It’s a Tuesday night and there’s a Barbie shoe lodged in my throat. A little girl is pushing her doll into one of my jet streams, pretending she’s swimming down a waterfall, while her parents argue in my deep end. She hasn’t noticed that one pink plastic heel has slipped off. She is trying not to notice a lot of things. 

The floaties tied around her arms taste like latex, sweet and bitter. The rush of my circulatory system is louder than the quiet furious spitting of the adults, but only just. 

“I can’t believe you’re doing this on fucking vacation,” her mom says.
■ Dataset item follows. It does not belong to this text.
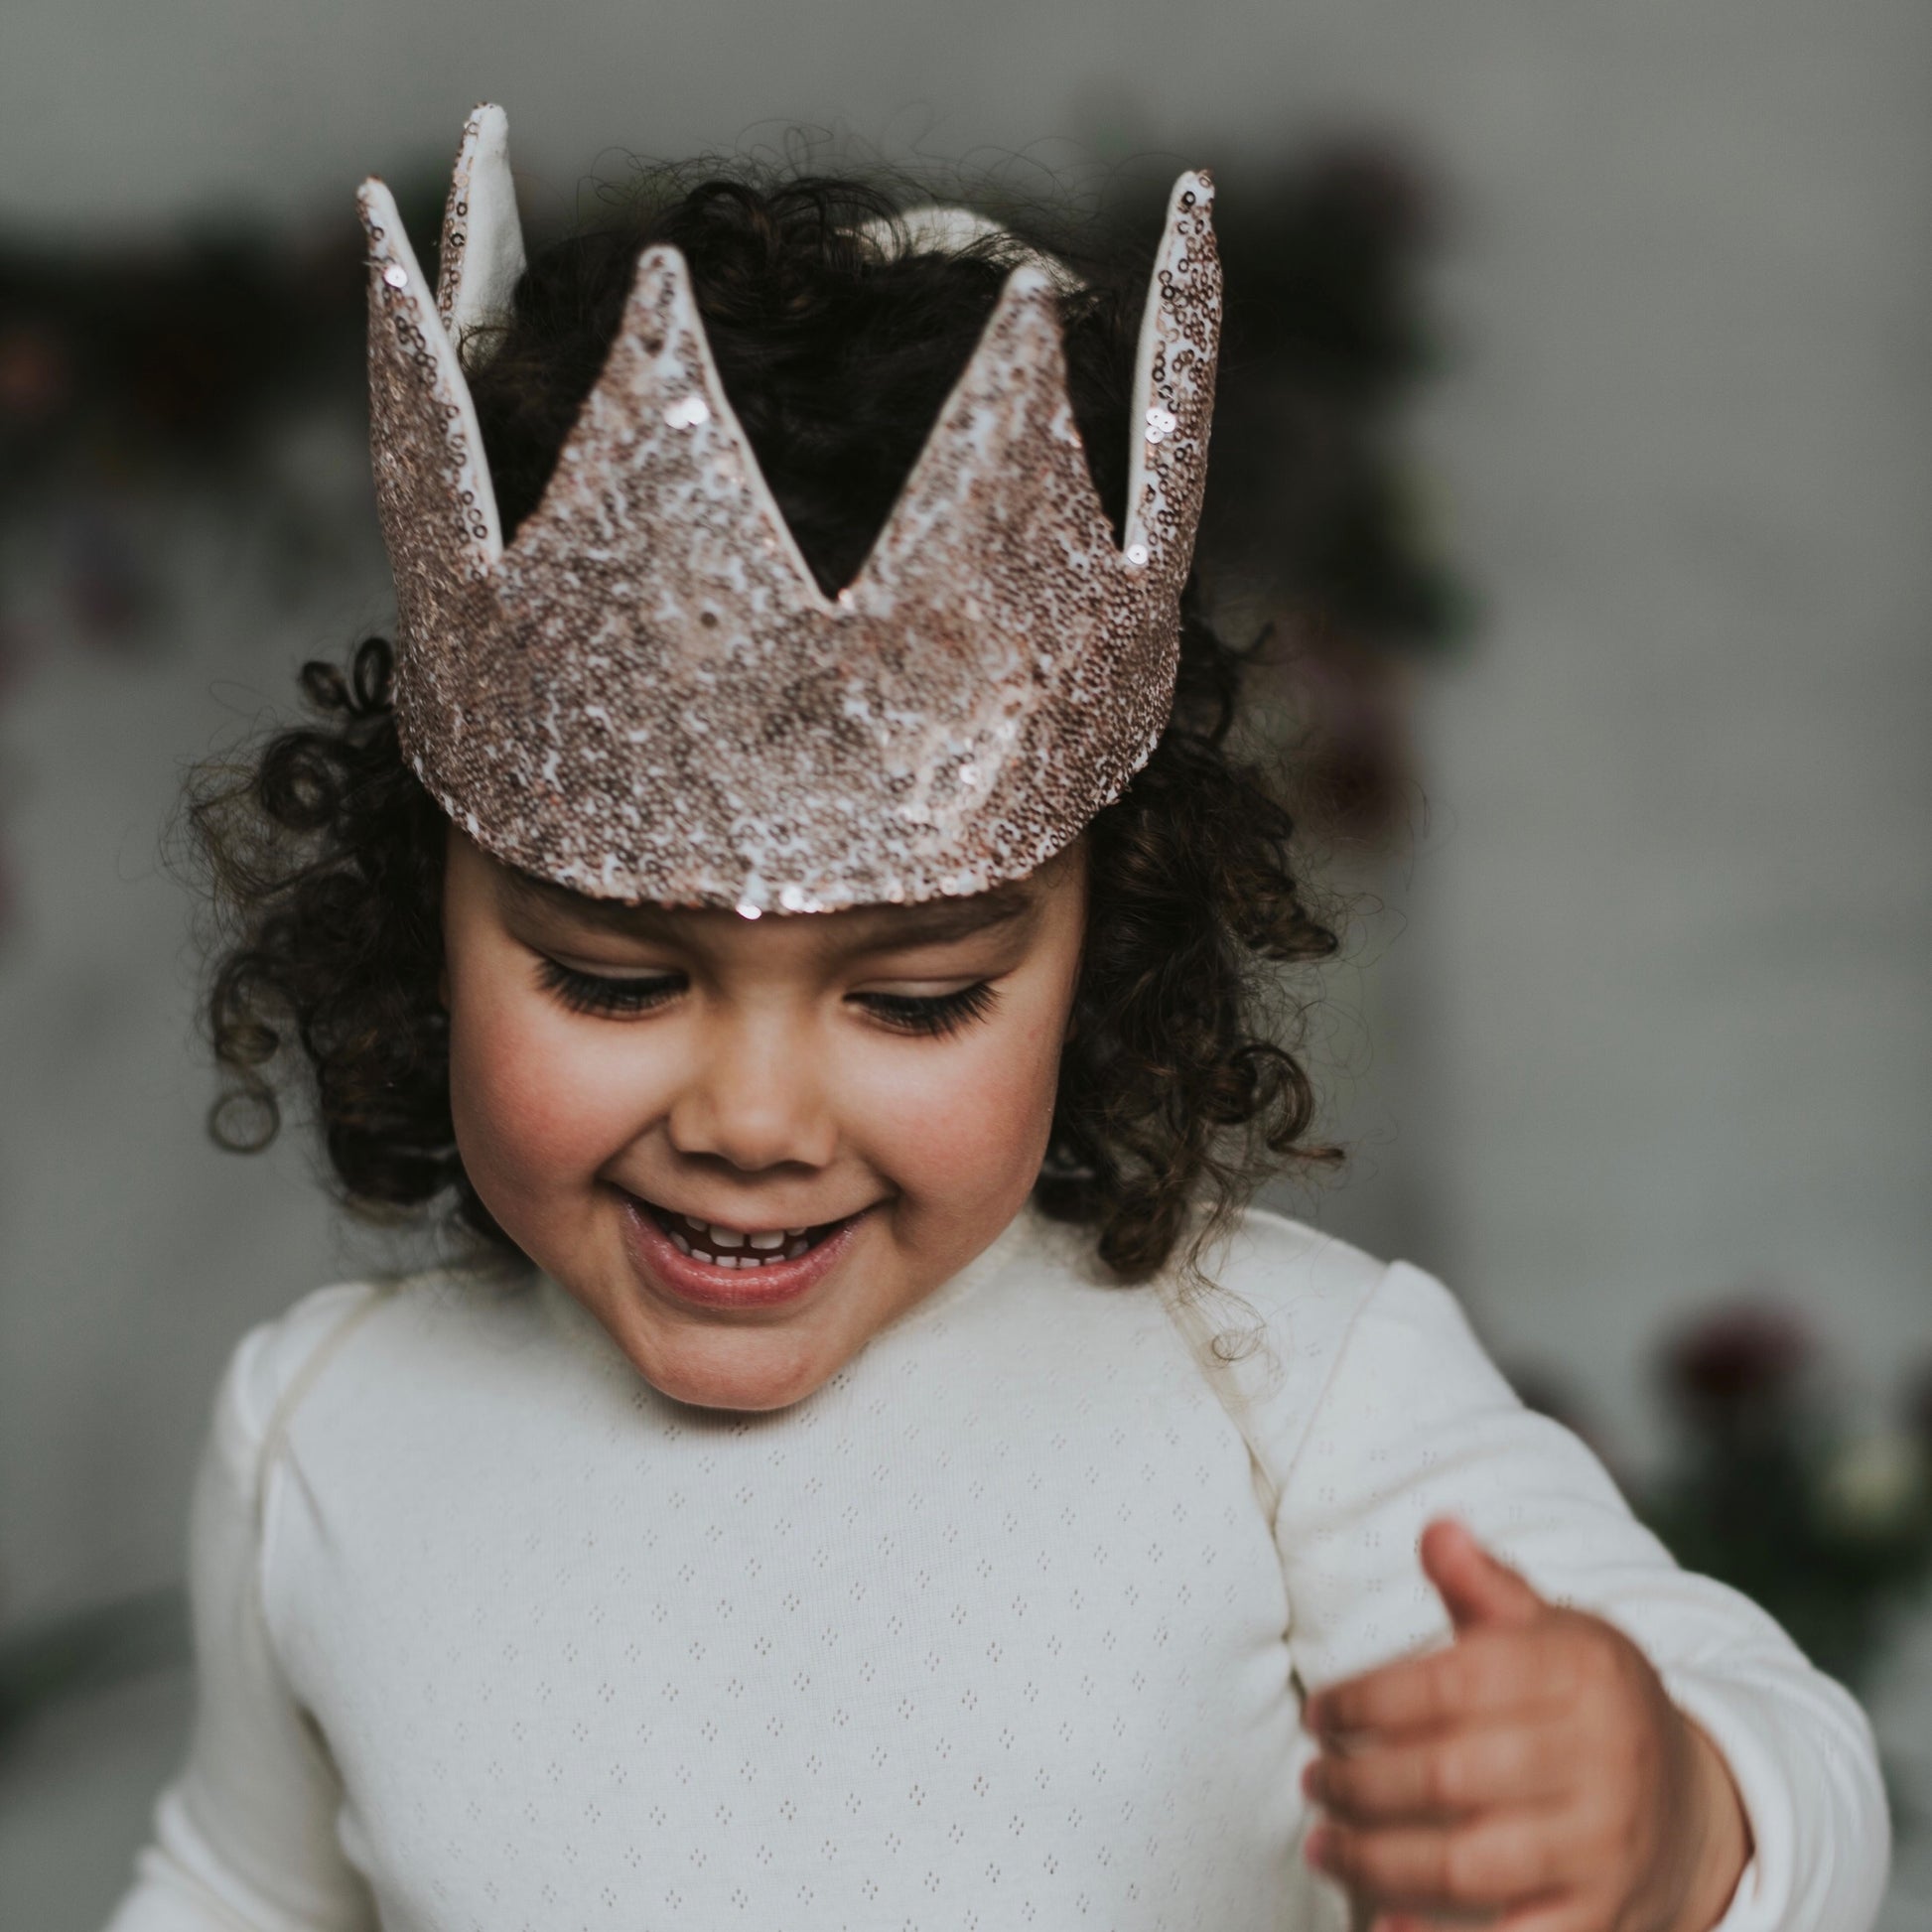 Joyful child with curly hair wearing a handcrafted rose gold sequin crown, smiling during playtime.

I engorge her bleach-bitter hair with myself, tinting it chemical green. Her mascara streams down her face and estuaries into my belly. 

Two drunk guys walk into my natatorium and get in the hot tub. They’re playing “Free Bird” on a cell phone speaker and singing along and trading swigs from a bottle of Everclear, even though food and beverages are not allowed inside. The little girl wobbles the doll around, topsy-turvy, pretending she’s drunk on chlorine. 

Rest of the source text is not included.